WHAT YOU HAVE TO DO →
Where does the word "with" show up in the records? Copy every line that holds it.

RECORDS FOR THIS TASK →
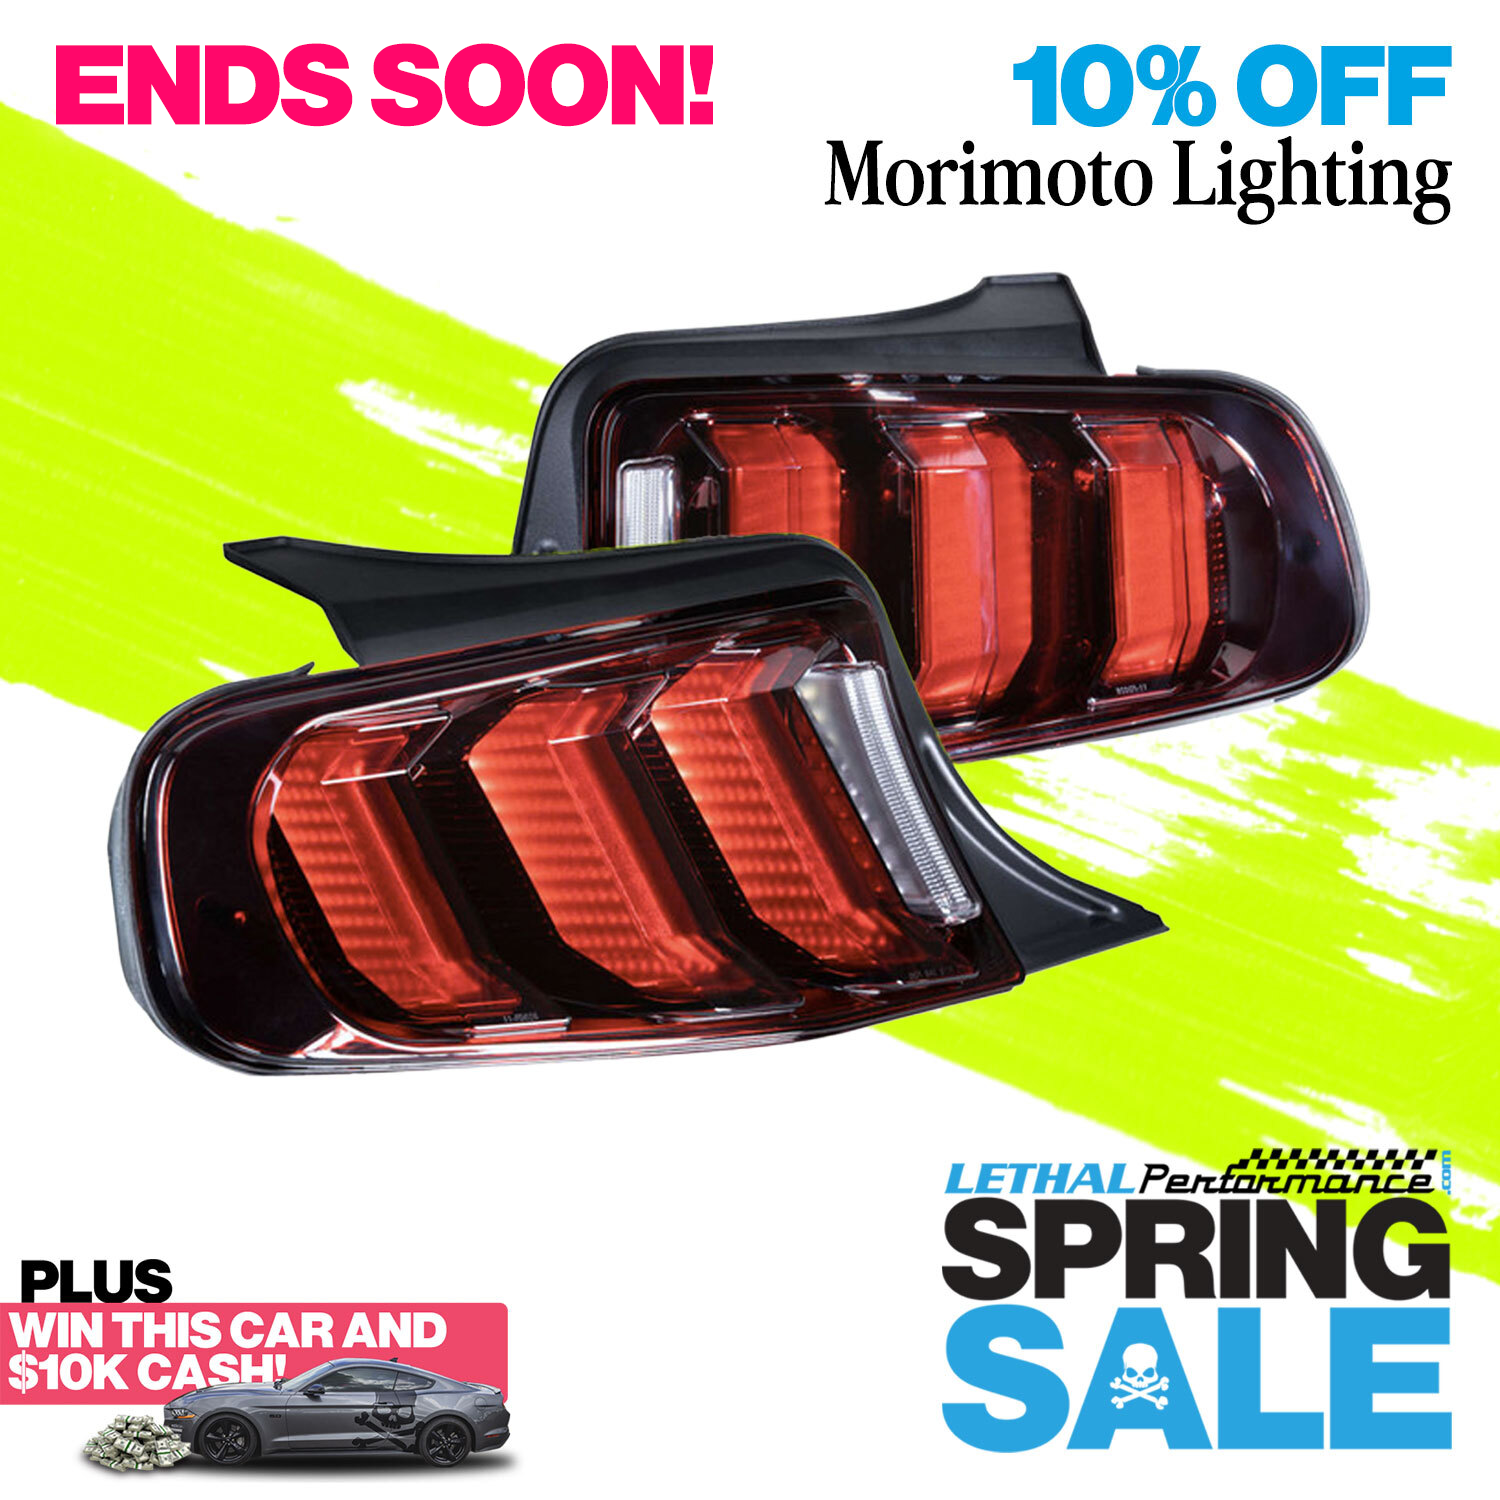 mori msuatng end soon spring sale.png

==

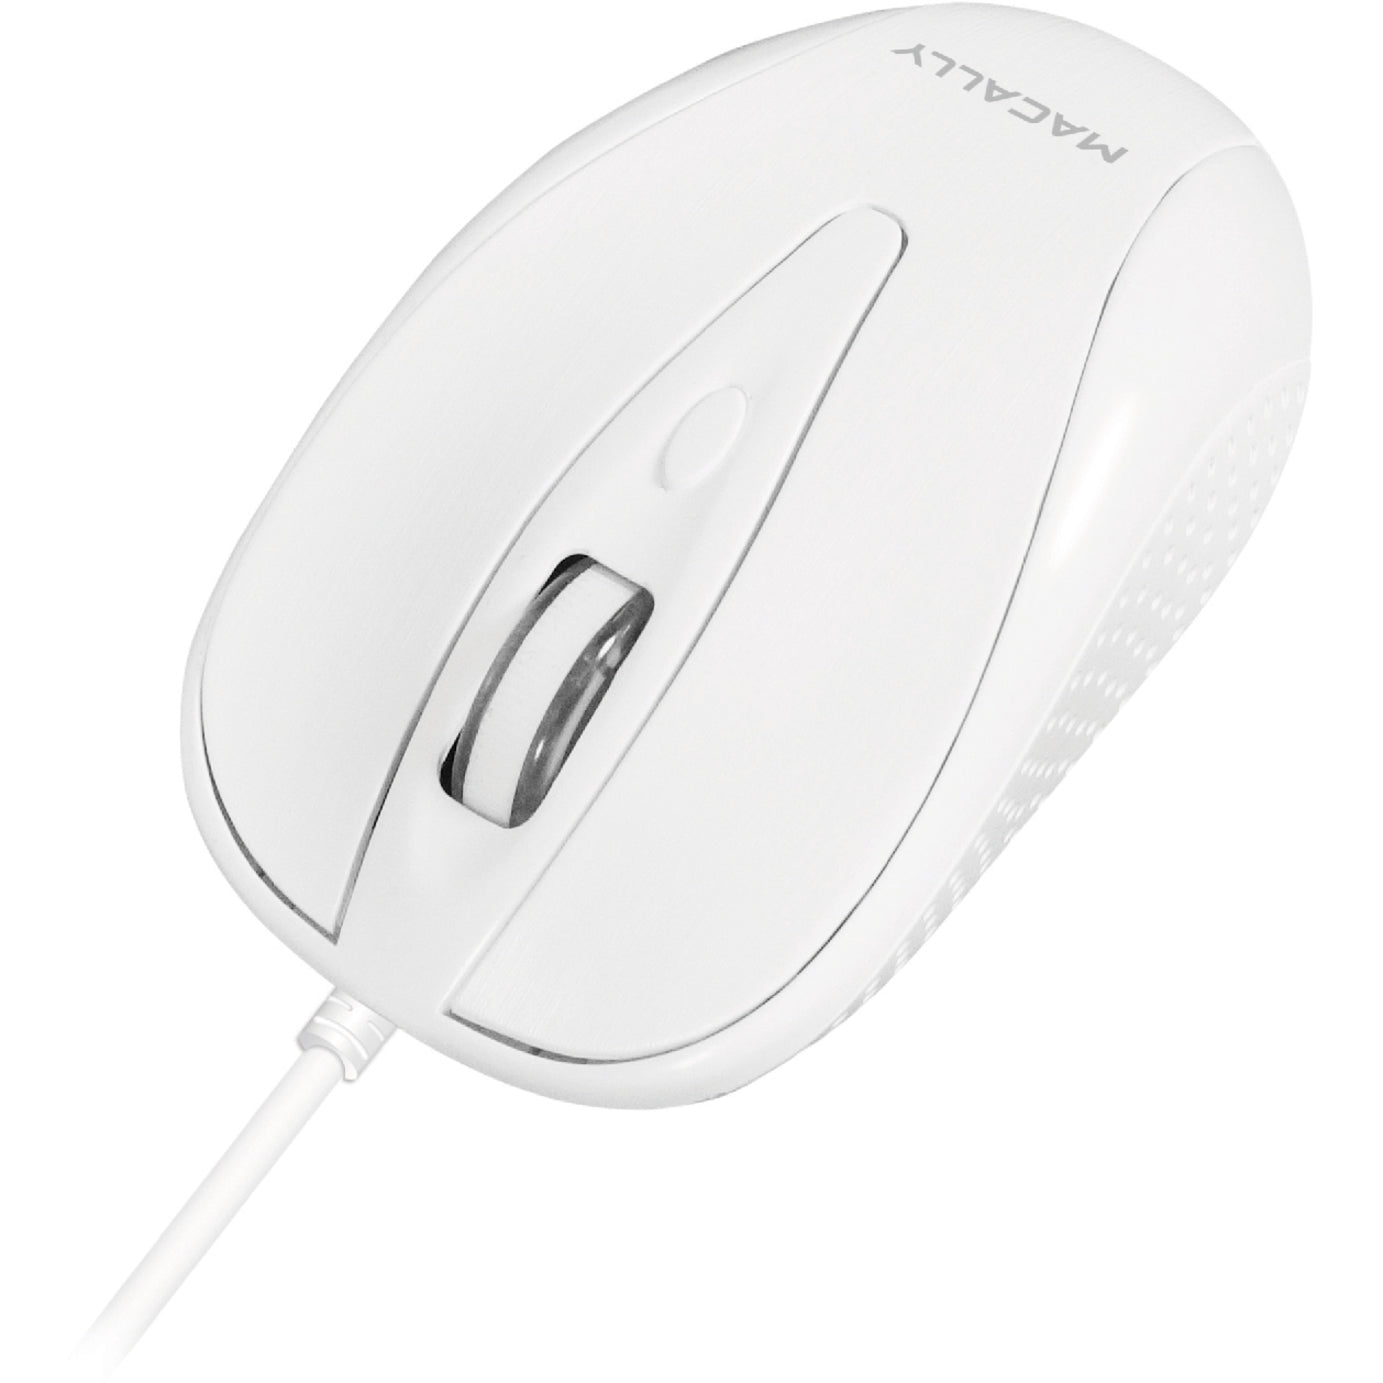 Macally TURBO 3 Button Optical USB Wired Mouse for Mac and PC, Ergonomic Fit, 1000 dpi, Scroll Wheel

...

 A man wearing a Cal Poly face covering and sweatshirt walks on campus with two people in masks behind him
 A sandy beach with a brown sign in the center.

TASK SOLUTION →
 A man wearing a Cal Poly face covering and sweatshirt walks on campus with two people in masks behind him
 A sandy beach with a brown sign in the center.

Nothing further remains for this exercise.